Although various standards have been used to judge the enforceability of the order relator violated, the cases consistently recognize that the review afforded by habeas corpus is a collateral attack upon a judgment which should not be permitted in every instance. This is the basic premise of the collateral bar rule. See, e.g., Richard E. Labunski, The "Collateral Bar"Rule and the First Amendment: The Constitutionality of Enforcing Unconstitutional Orders, 37 AM.U.L.REV. 323 (1988); Joel L. Selig, Regulation of Street Demonstrations by Injunction: Constitutional Limitations on the Collateral Bar Rule in Prosecutions for Contempt, 4 HARV.CIV. RIGHTS-CIV.LIB.L.REV. 135, 141 (1968); see also Walker v. City of Birmingham, 388 U.S. 307, 87 S.Ct. 1824, 18 L.Ed.2d 1210 (1967). The rule, in its most general terms, was expressed by the United States Supreme Court in Howat v. Kansas, 258 U.S. 181, 189-90, 42 S.Ct. 277, 280-81, 66 L.Ed. 550 (1926): "An injunction duly issuing out of a court of general jurisdiction with equity powers upon pleadings properly invoking its action, and served upon persons made parties therein and within the jurisdiction, must be obeyed by them however erroneous the action of the court may be." Essentially the same rule was articulated in Ex parte Warfield, 40 Tex.Crim. 413, 50 S.W. 933, 934 (1899):

[w]herever the court has authority to grant the writ of injunction, no matter what irregularities may attend the granting thereof, or however erroneously the court may have acted in granting the same, as long as the injunction exists, undissolved, it must be obeyed, and for a violation thereof the party will be held in contempt. If, however, the court has no jurisdiction over the subject-matter involved, or if it has exceeded its power, by granting an injunction in a matter beyond its jurisdiction, the injunction will be treated as absolutely void, and defendants in such case cannot be punished for contempt for its alleged violation.

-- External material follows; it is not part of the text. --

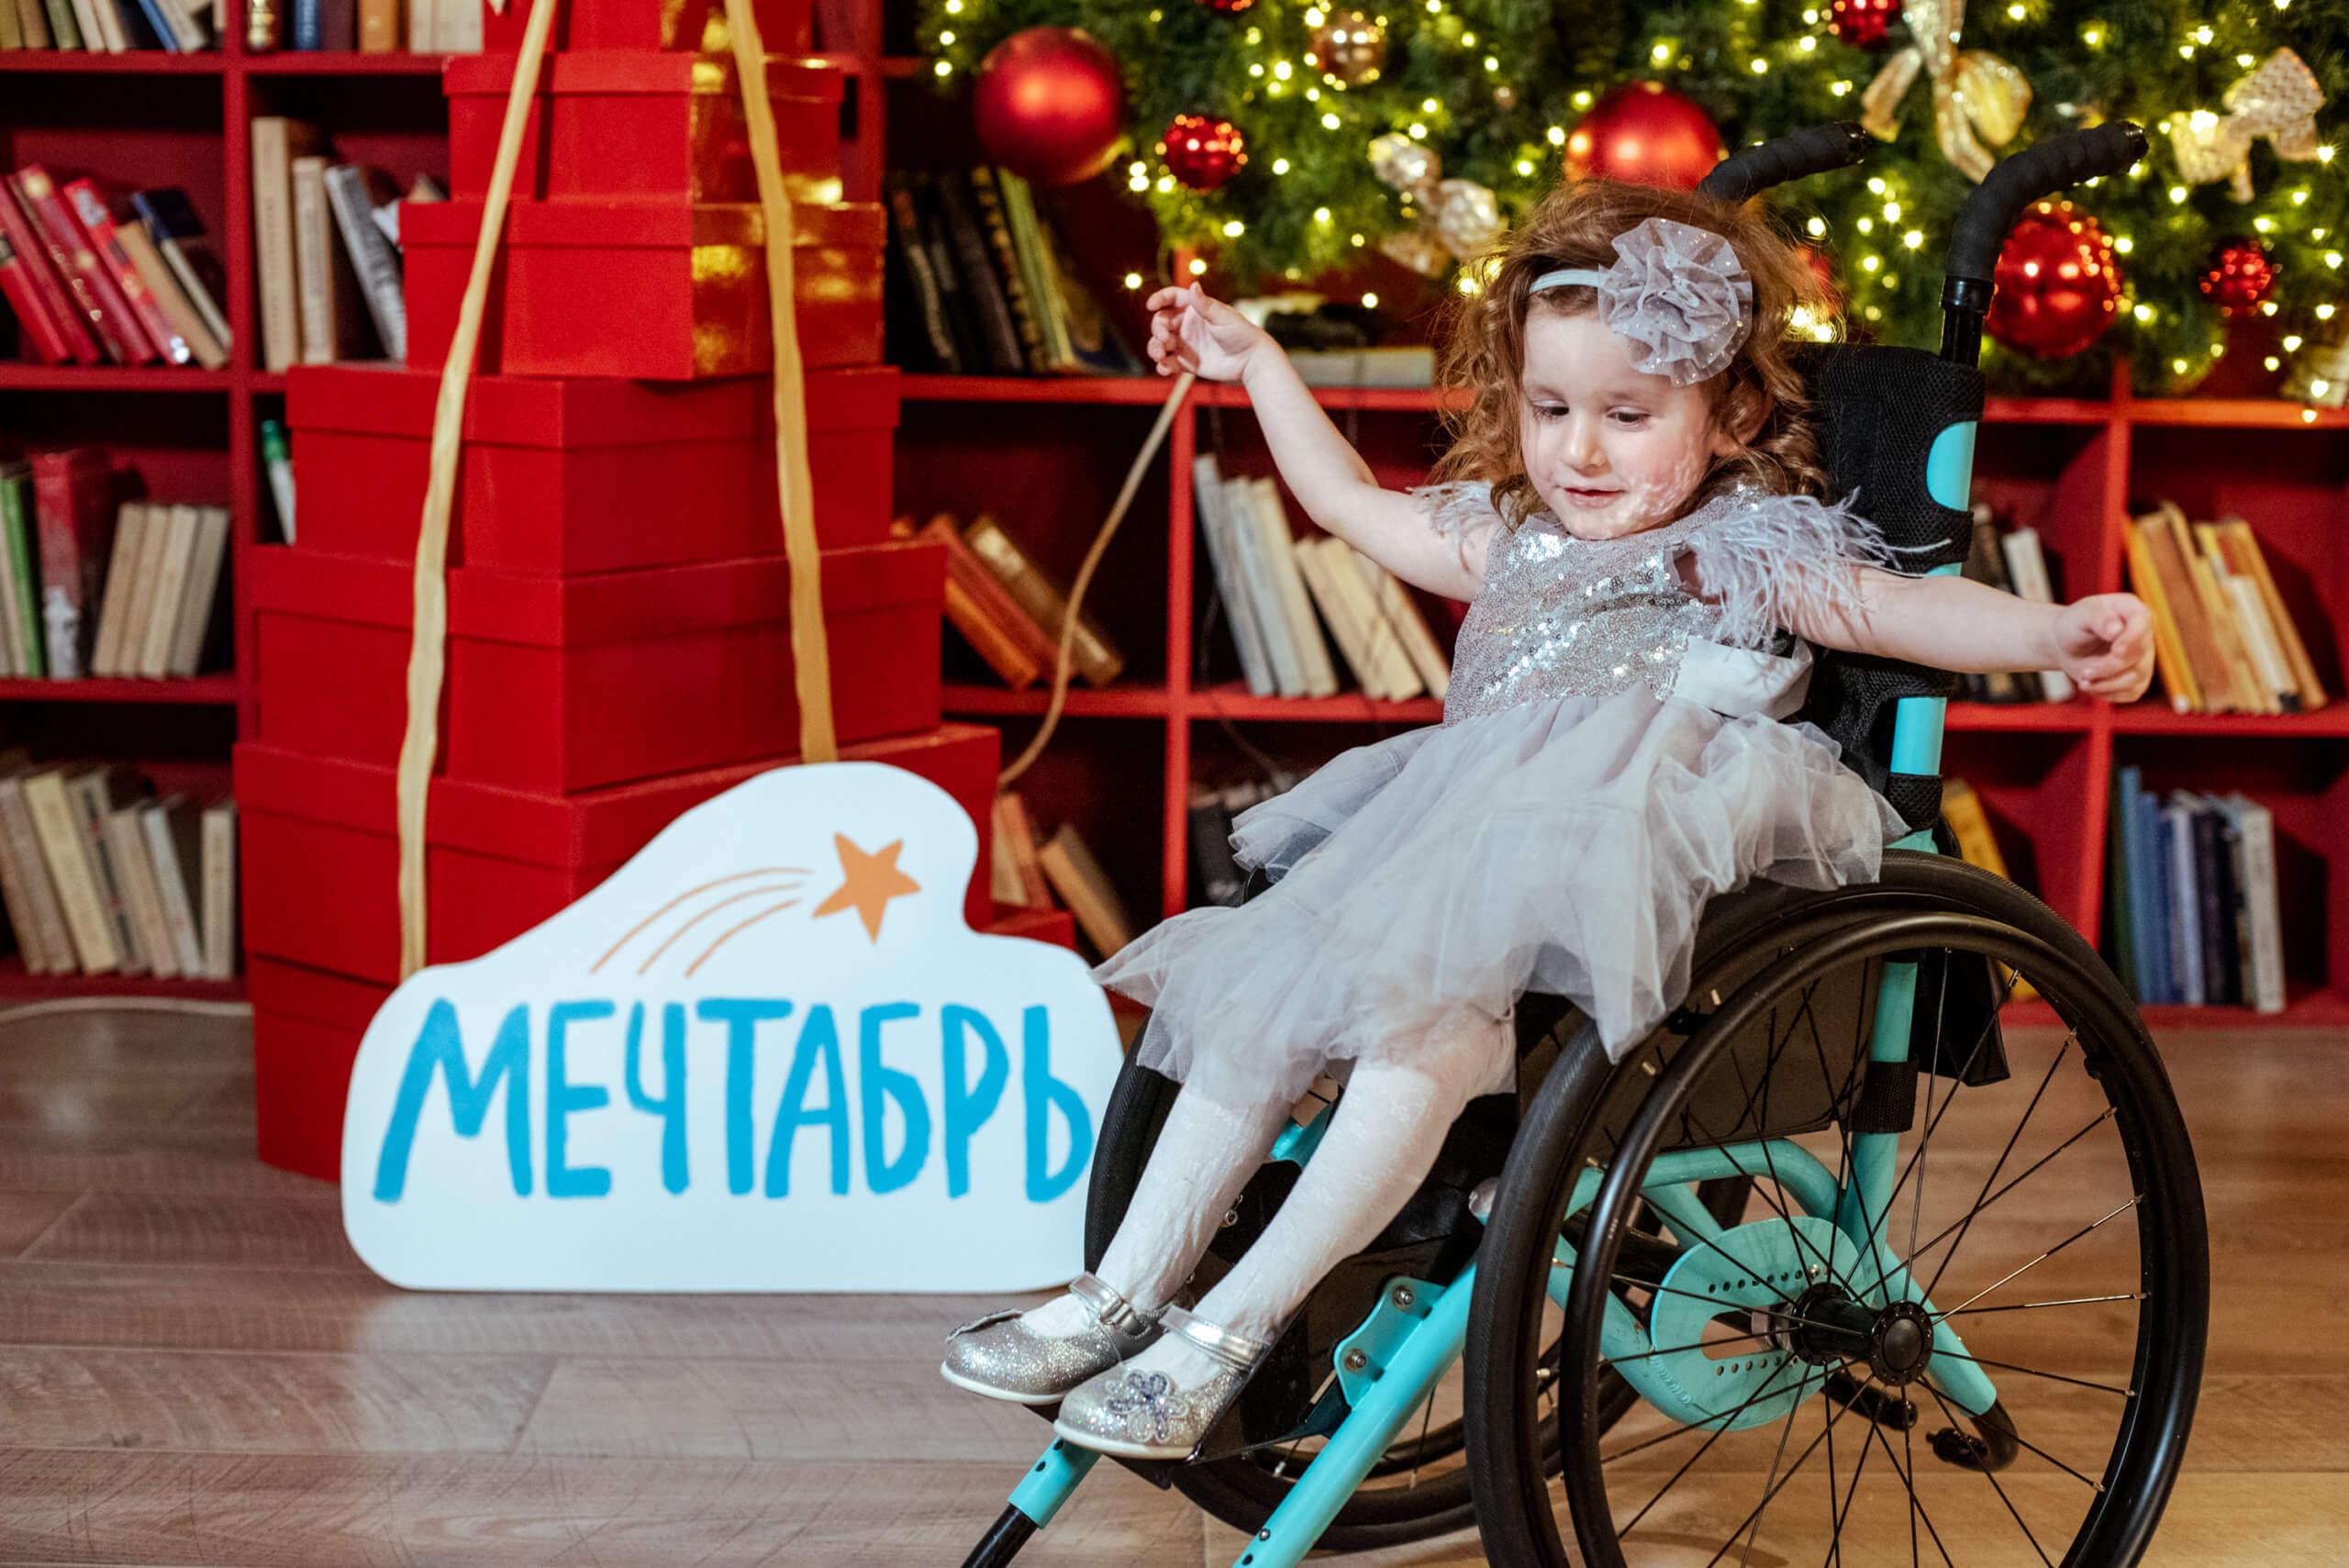 Фонд запустил новогоднюю акцию «Мечтабрь»

The rule has been used to bar collateral attacks even when the challenge is to the court's jurisdiction and the constitutionality of its order. See Wright, FEDERAL PRACTICE AND PROCEDURE: CRIMINAL 2ND § 702. See also Maness v. Meyers, 419 U.S. 449, 95 S.Ct. 584, 42 L.Ed.2d 574 (1975); Walker v. City of Birmingham, 388 U.S. 307, 87 S.Ct. 1824, 18 L.Ed.2d 1210 (1967); United States v. United Mine Workers, 330 U.S. 258, 67 S.Ct. 677, 91 L.Ed. 884 (1947). Several Texas contempt cases, however, do not address the principles of the collateral bar rule — only the merits of relators' free speech claims. See Henry, Tucker, McCormick, and Foster (discharging relators), and Pierce and Thomas (refusing to discharge relators).

The collateral bar doctrine is based on:

a belief that in the fair administration of justice no man can be a judge in his own case, however exalted his station, however righteous his motives, irrespective of his race, color, politics, or religion. . . . One may sympathize with the petitioners' impatient commitment to their cause. But respect for judicial process is a small price to pay for the civilizing hand of law, which alone can give abiding meaning to constitutional freedoms.

Walker v. City of Birmingham, 388 U.S. 307, 320-21, 87 S.Ct. 1824, 1832, 18 L.Ed.2d 1210 (1967).

Walker upheld a contempt citation for violation of an ex parte temporary restraining order which ordered a group of civil rights protesters to obey an ordinance which required that a permit be obtained in advance of any parade or march. Contemnors argued that the temporary restraining order violated the First Amendment, and the Supreme Court acknowledged that there were "substantial constitutional questions" about the validity of the order. Id. Even the ordinance which the order enforced was later determined to be unconstitutional. Nevertheless, the Court held that in appeal from a judgment of contempt, the collateral bar rule precluded contemnors from challenging the constitutionality of the order they had violated.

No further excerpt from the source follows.